## TASK BRIEF
Transcribe exactly, and only, the lines running from the one that contains "传承北大精神,医准智能引领医疗影像AI2.0" through the last line of the material. No pictures.

## RECORDED INFORMATION
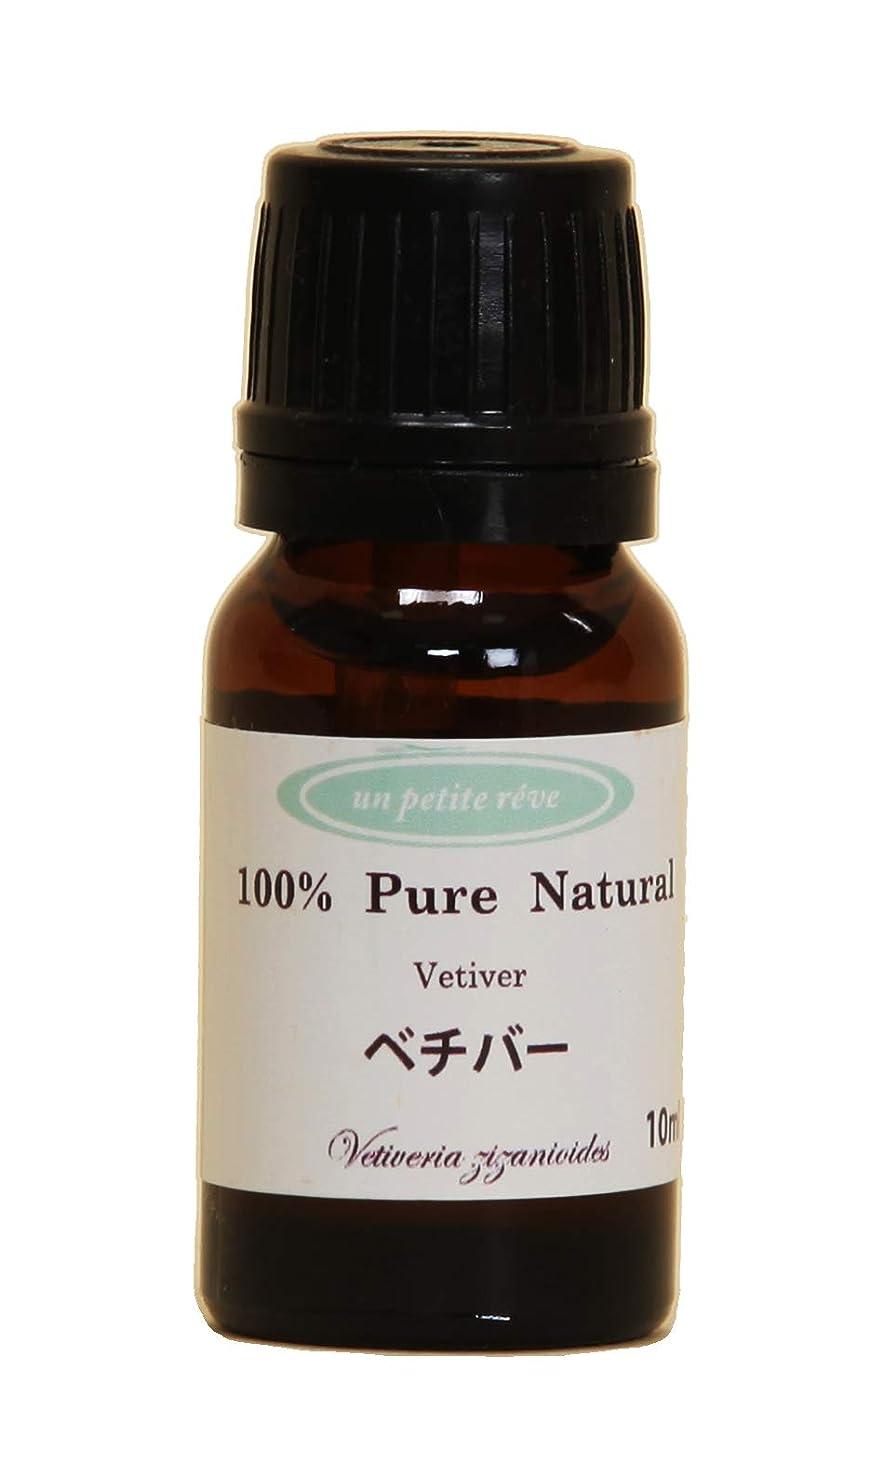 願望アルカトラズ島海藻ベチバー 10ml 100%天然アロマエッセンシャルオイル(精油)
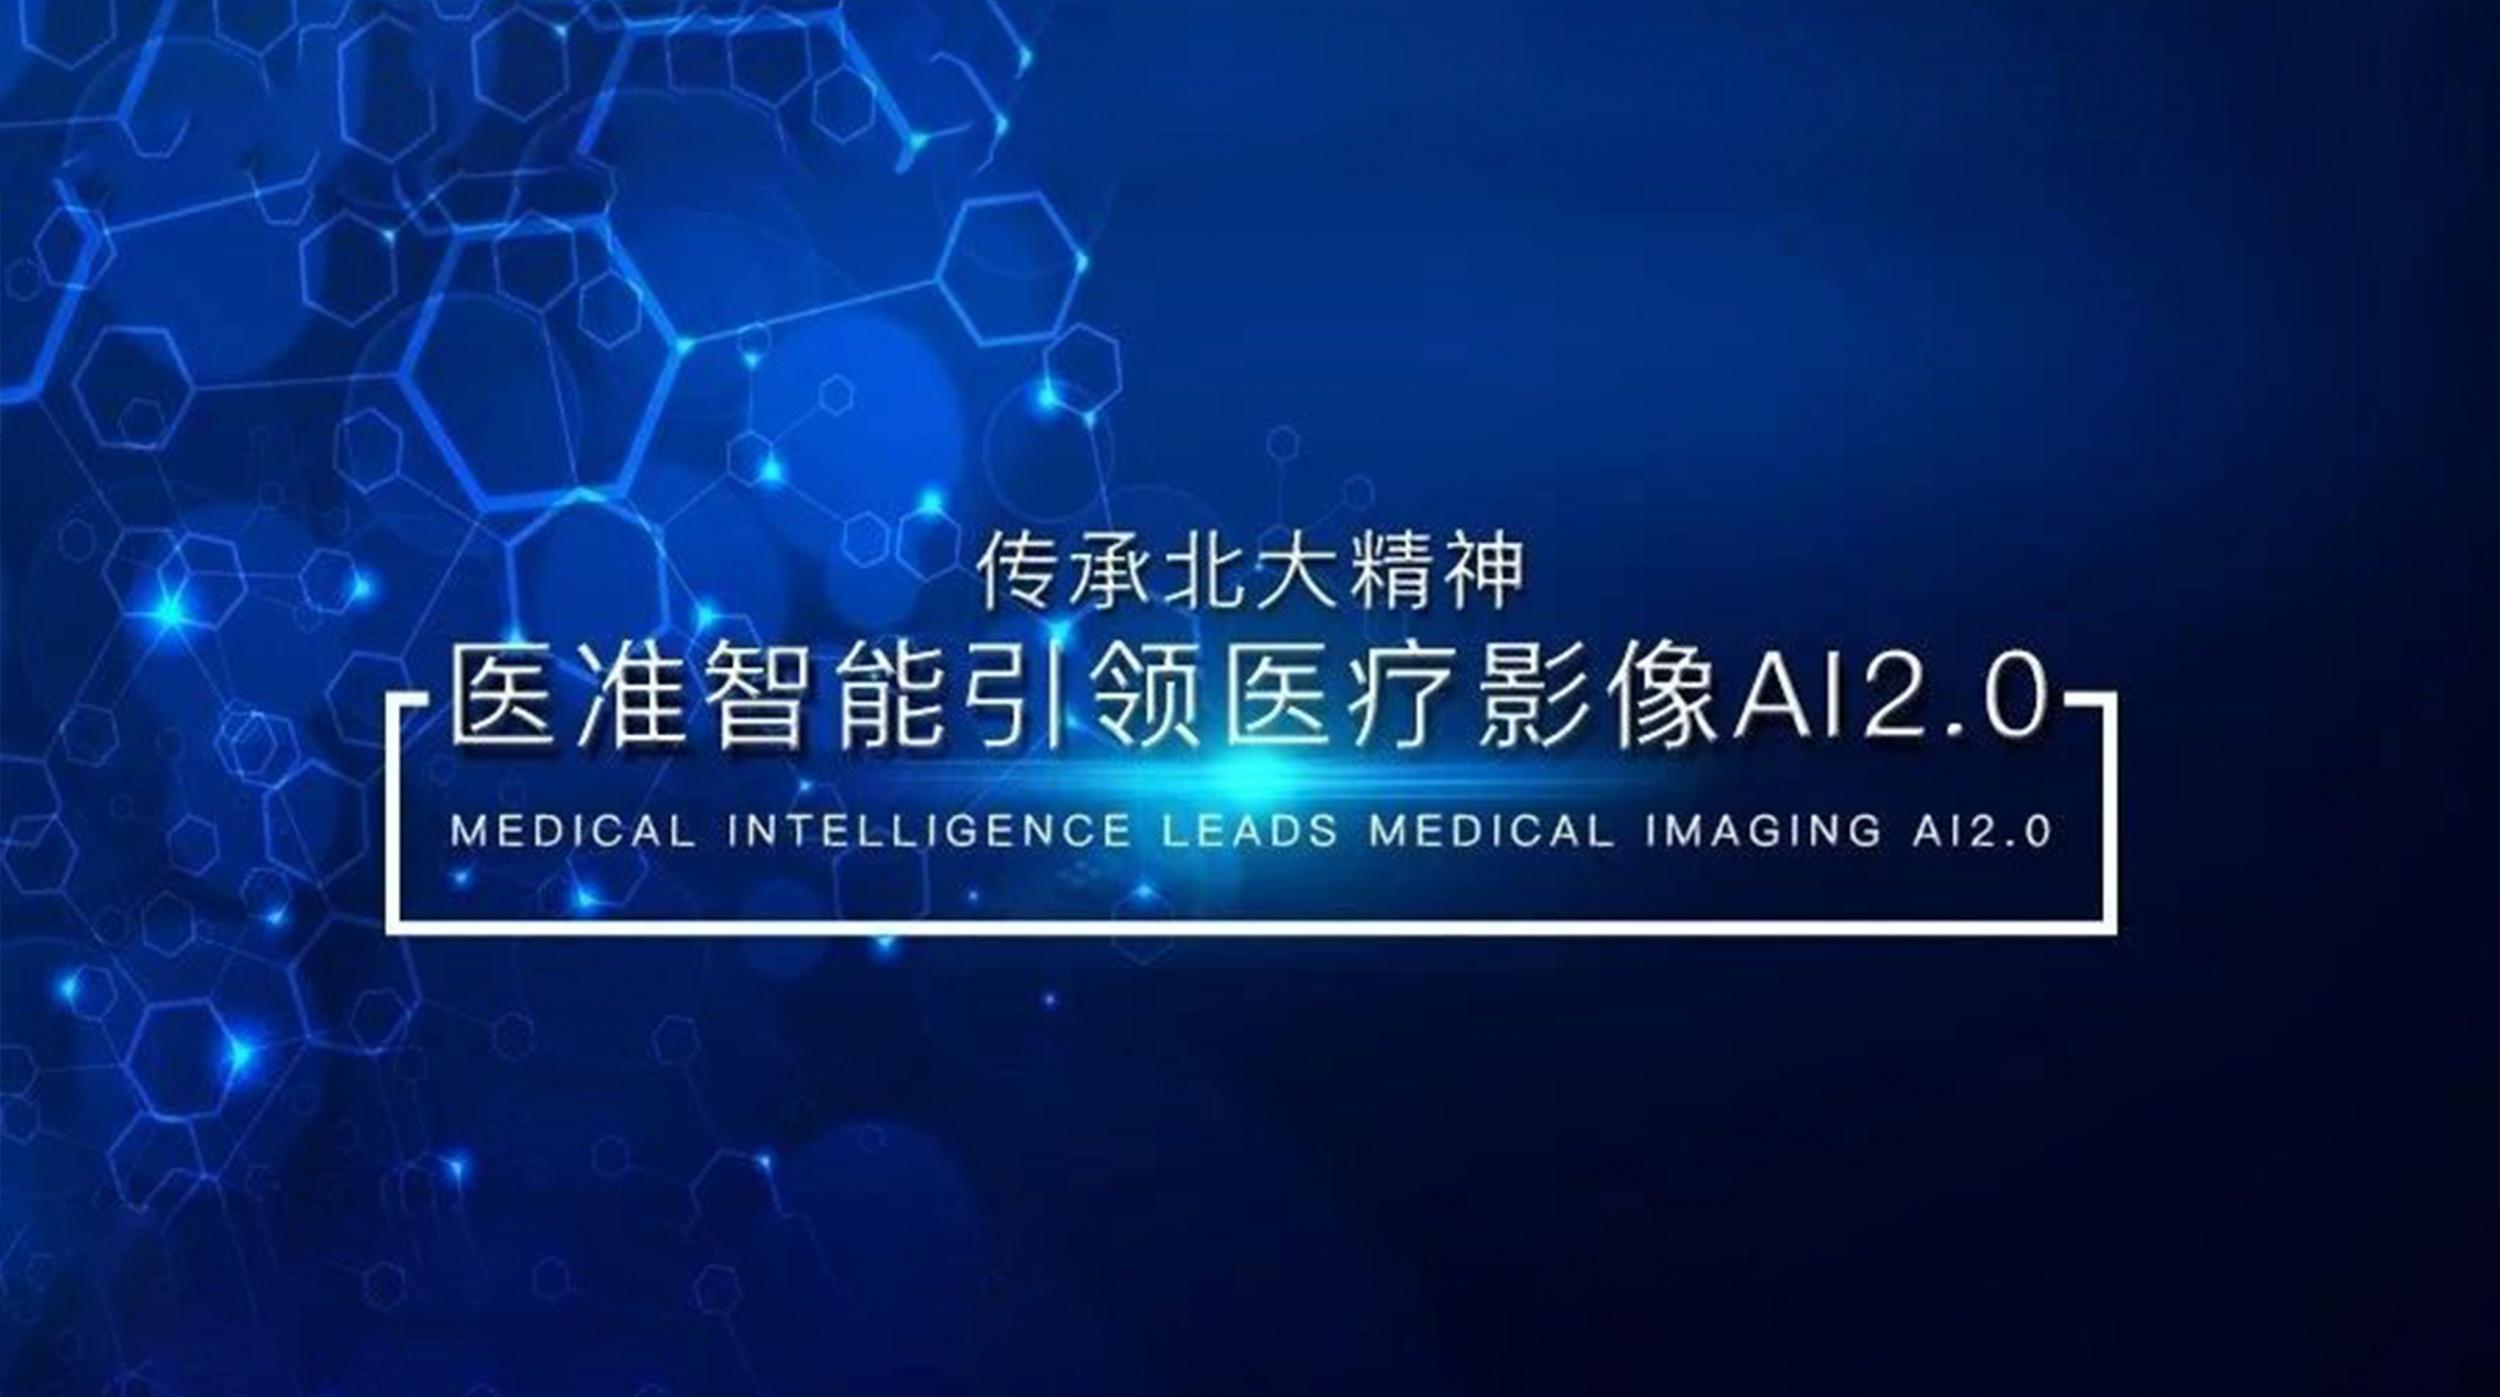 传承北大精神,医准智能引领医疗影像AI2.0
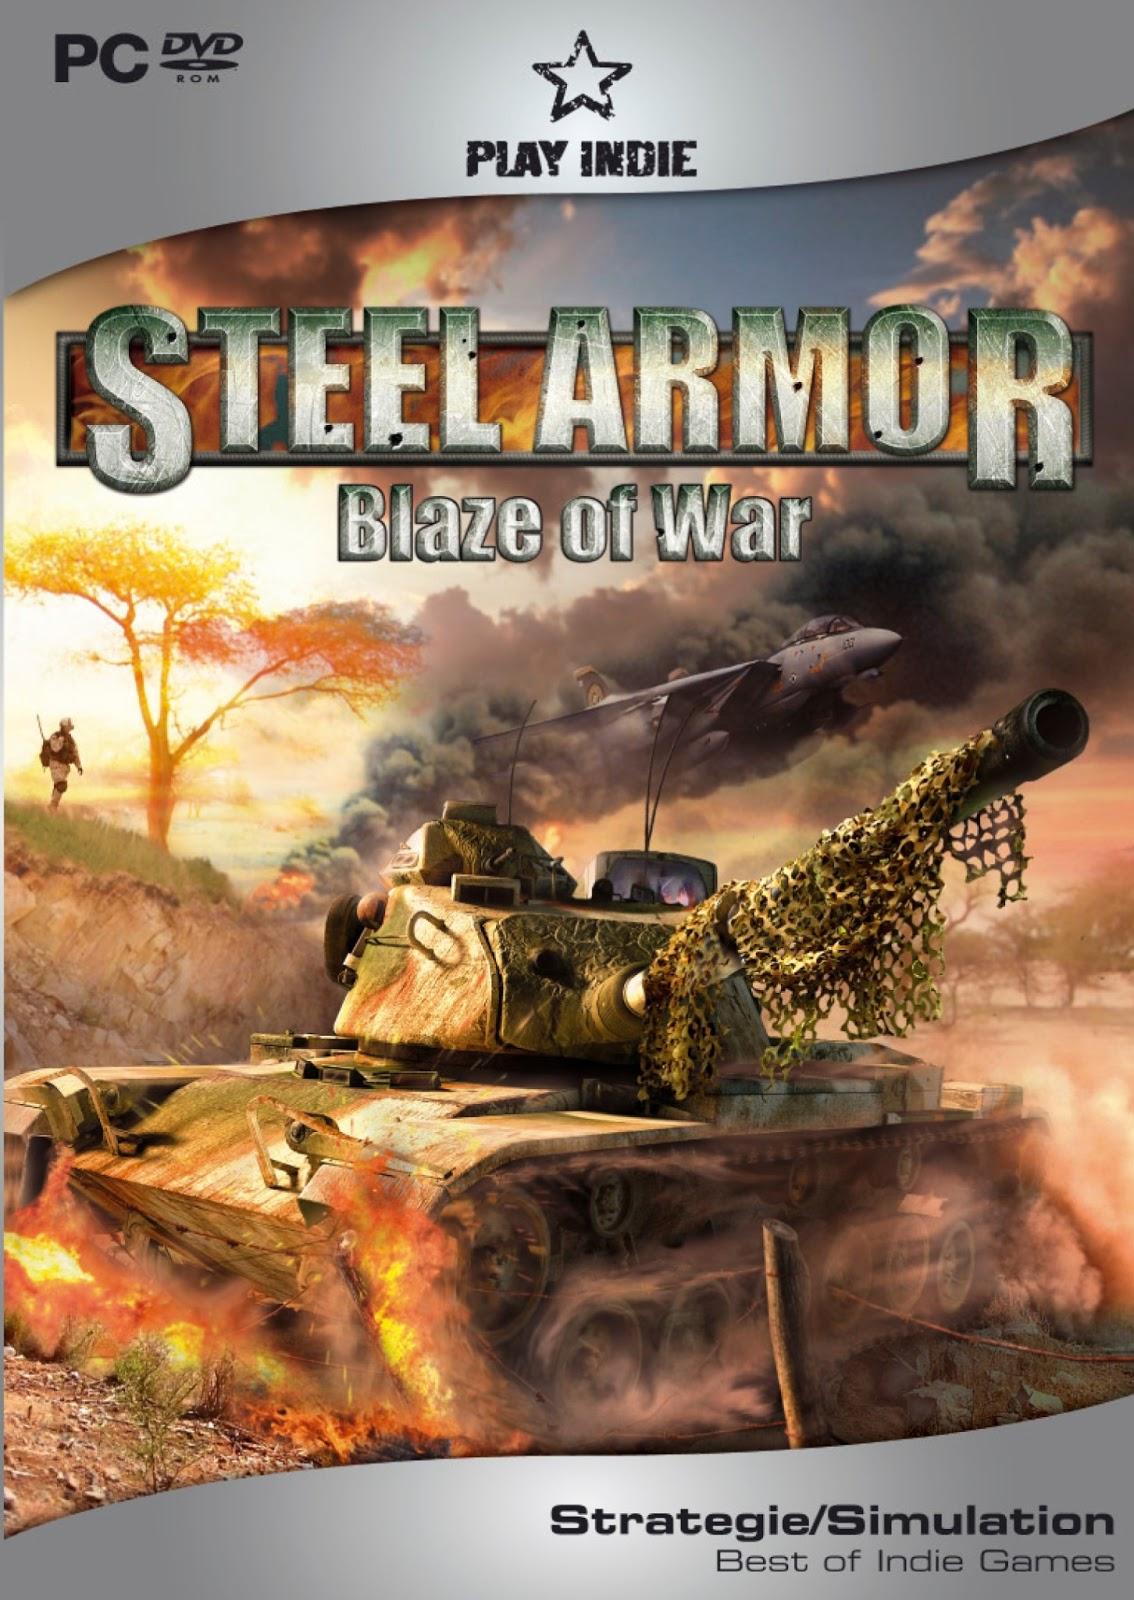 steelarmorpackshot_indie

## OUTPUT OF THE EXERCISE
 传承北大精神,医准智能引领医疗影像AI2.0
 steelarmorpackshot_indie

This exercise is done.